#### [Exercise goal]
Copy the lines below exactly, starting at the one with "1892 US $1 Morgan Silver Dollar GRADED" and ending at the one with "Rabatt Weather echte", and leave out any picture.

#### [Provided material]
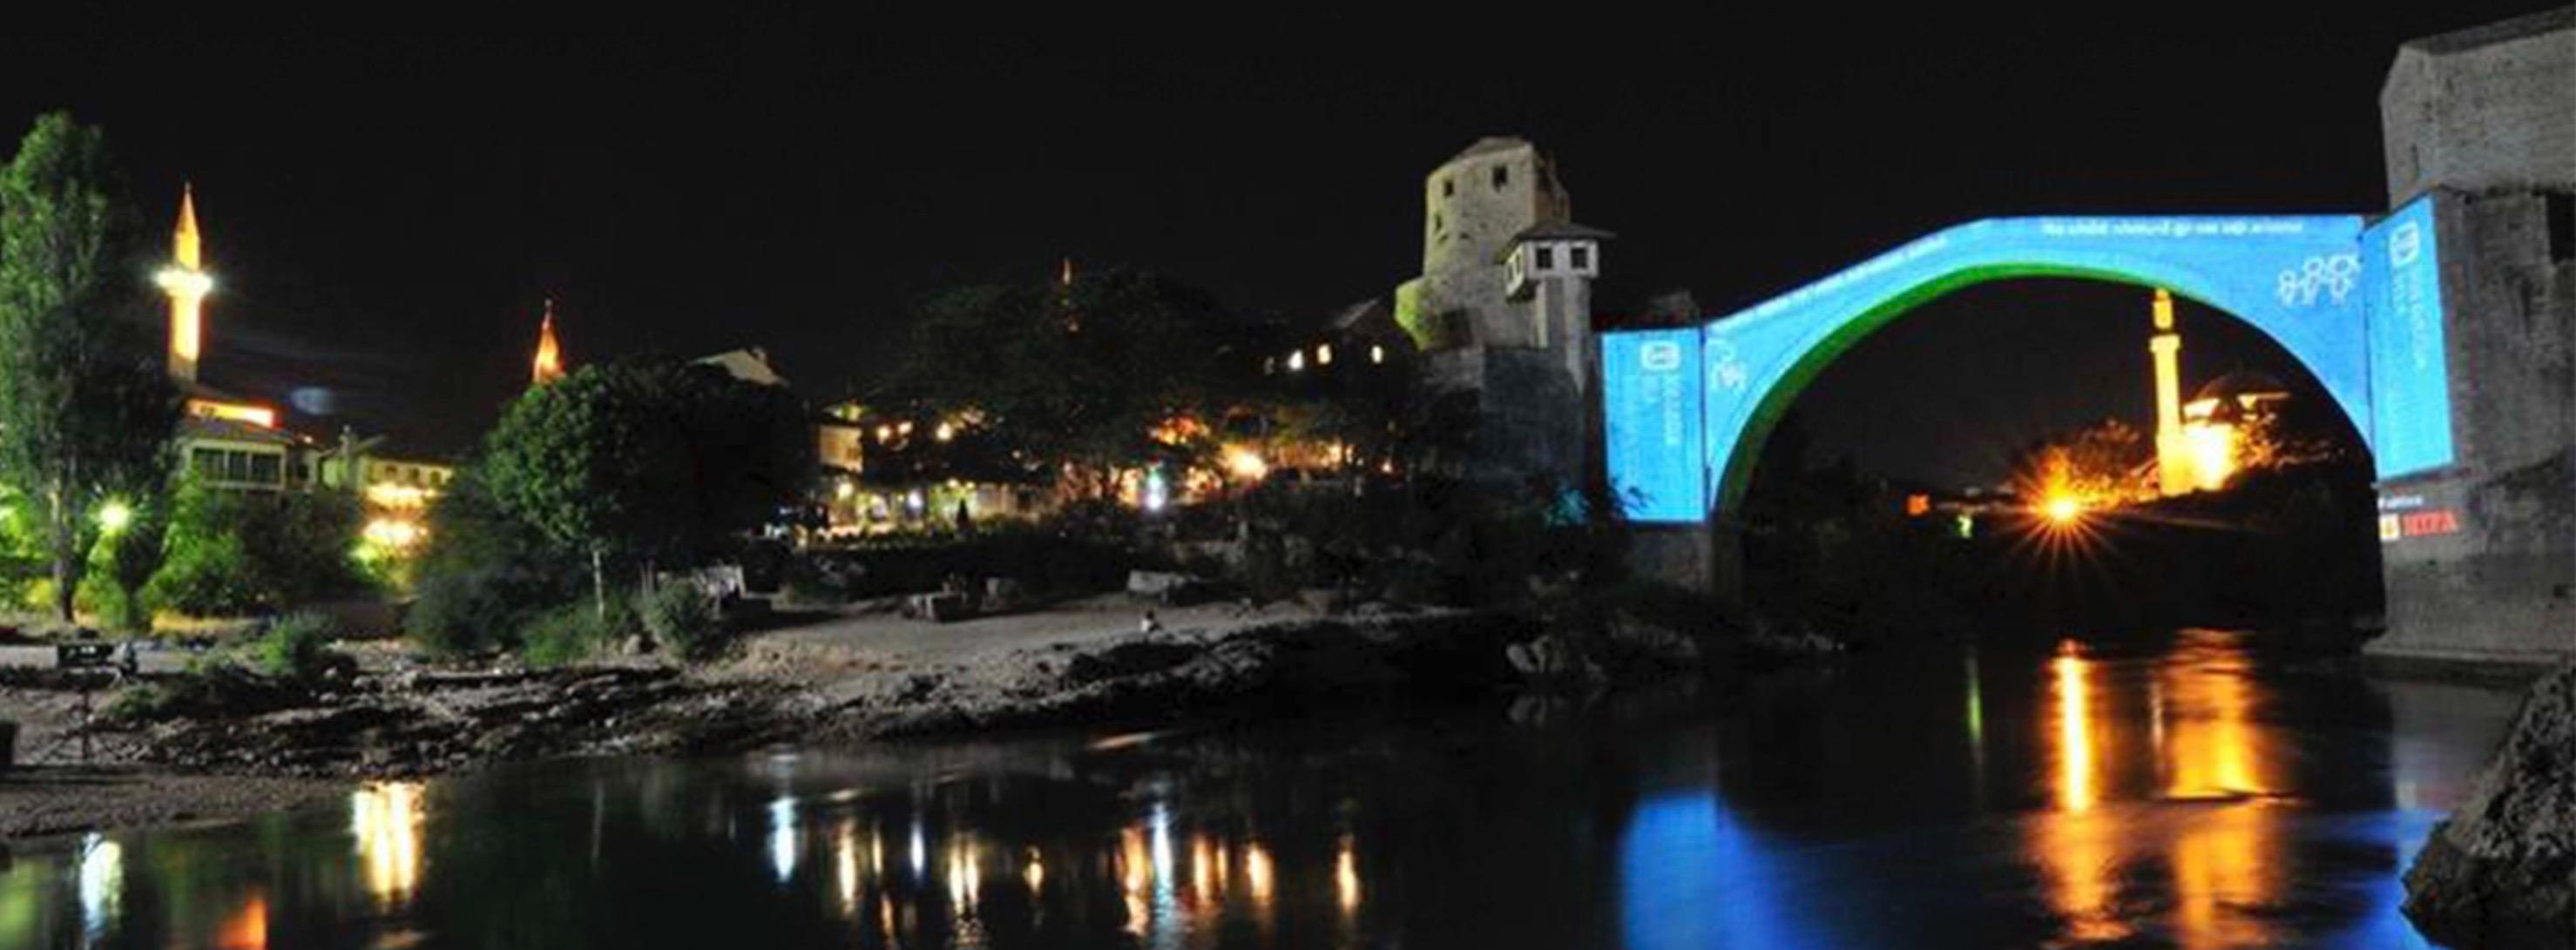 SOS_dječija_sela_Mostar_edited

==

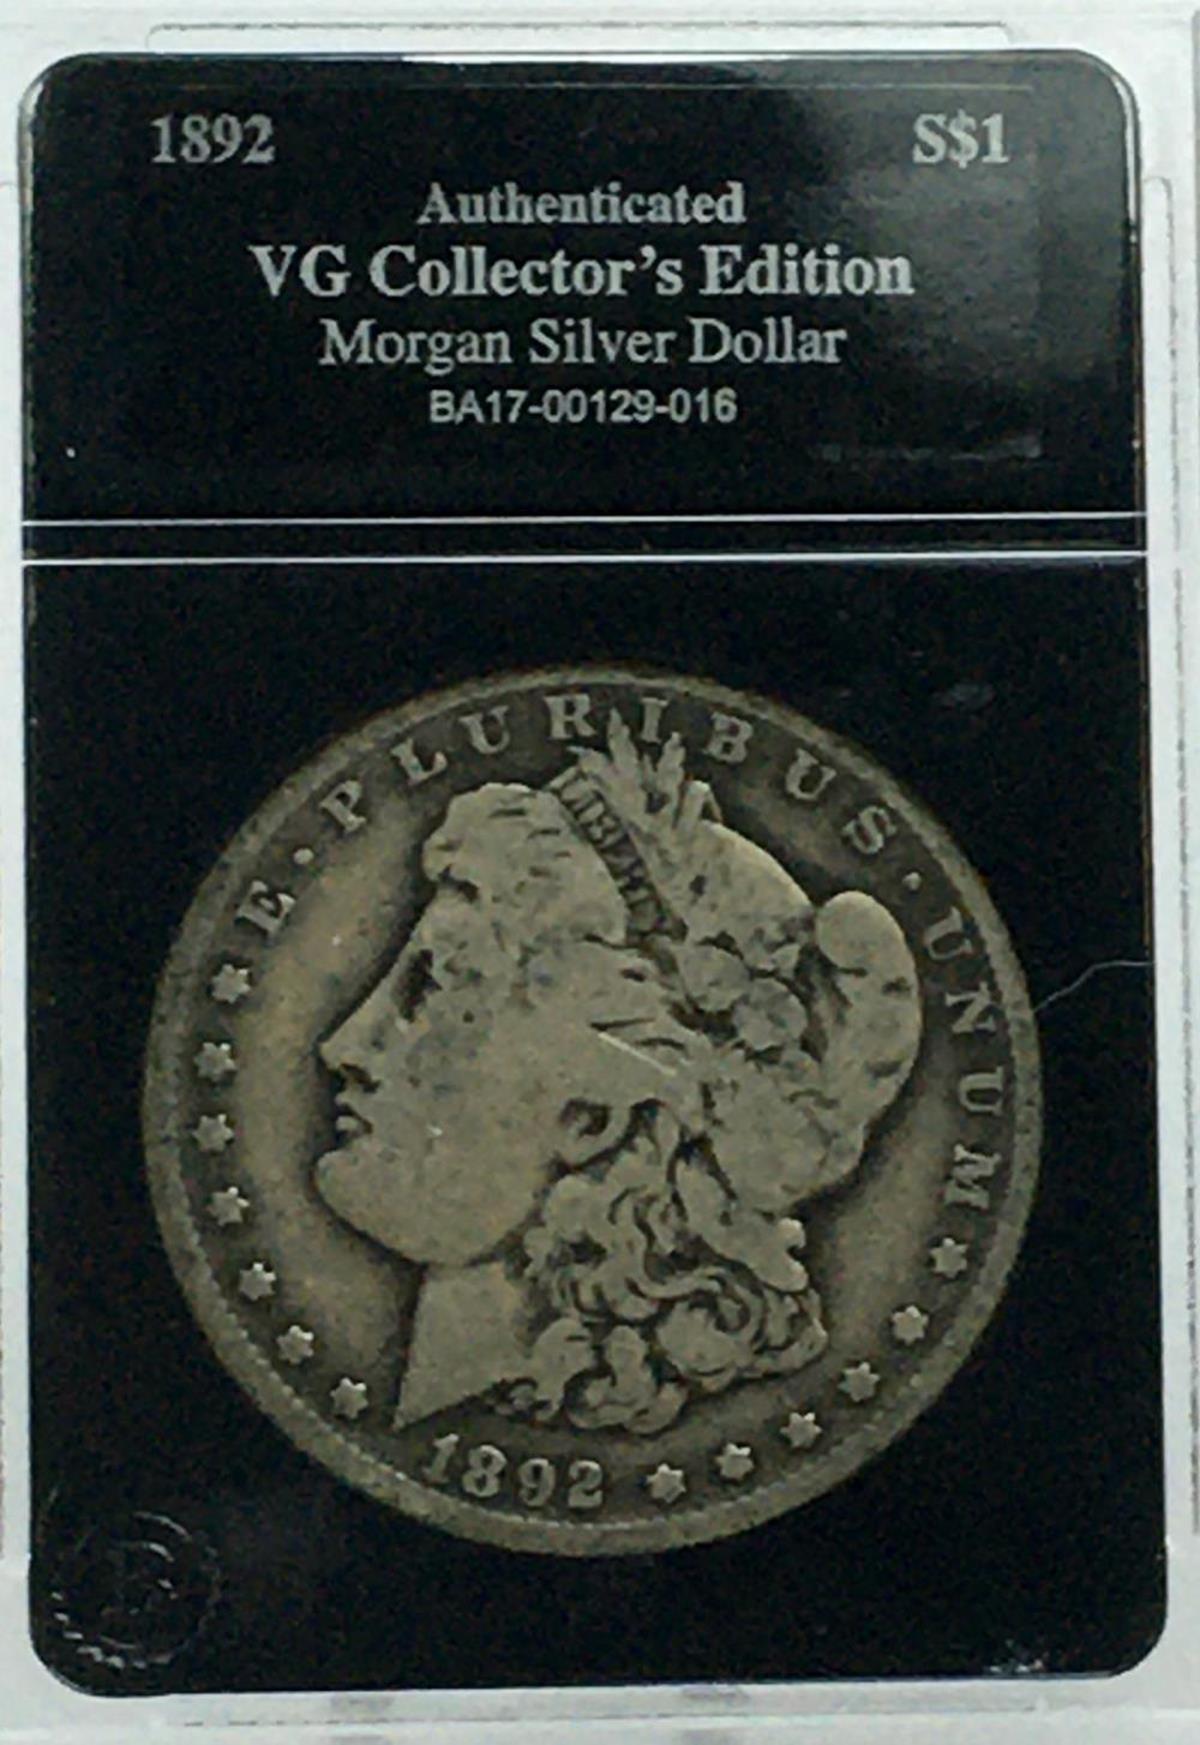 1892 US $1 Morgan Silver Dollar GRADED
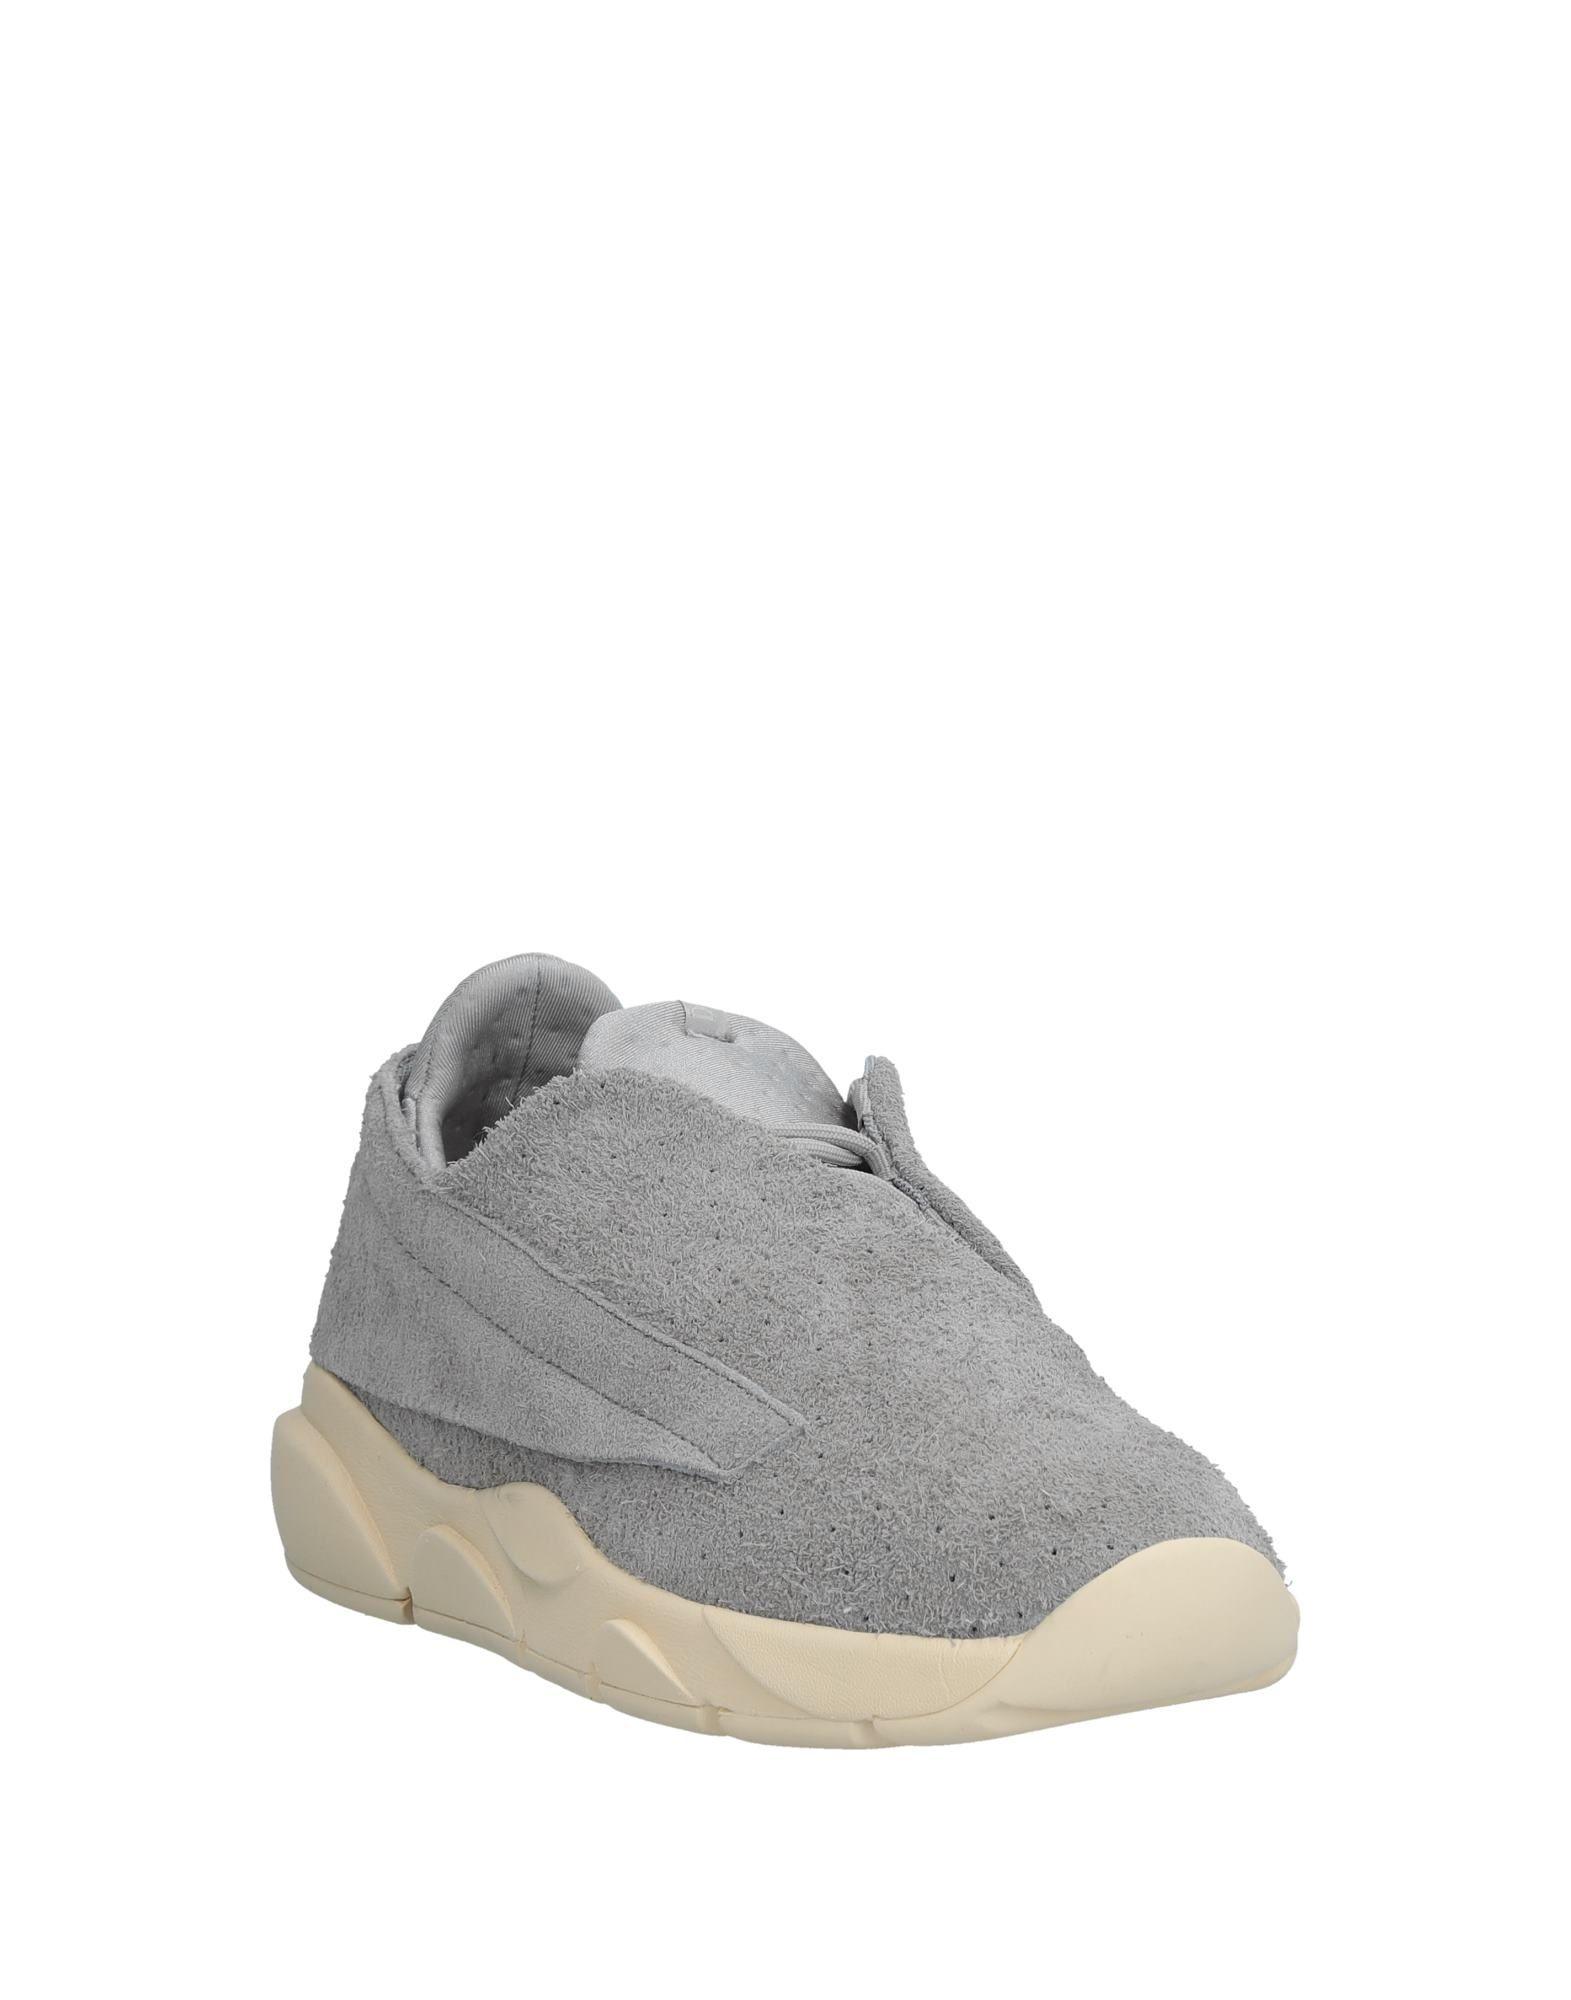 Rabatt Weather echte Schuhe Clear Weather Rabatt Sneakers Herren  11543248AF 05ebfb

#### [Task result]
 1892 US $1 Morgan Silver Dollar GRADED
 Rabatt Weather echte Schuhe Clear Weather Rabatt Sneakers Herren  11543248AF 05ebfb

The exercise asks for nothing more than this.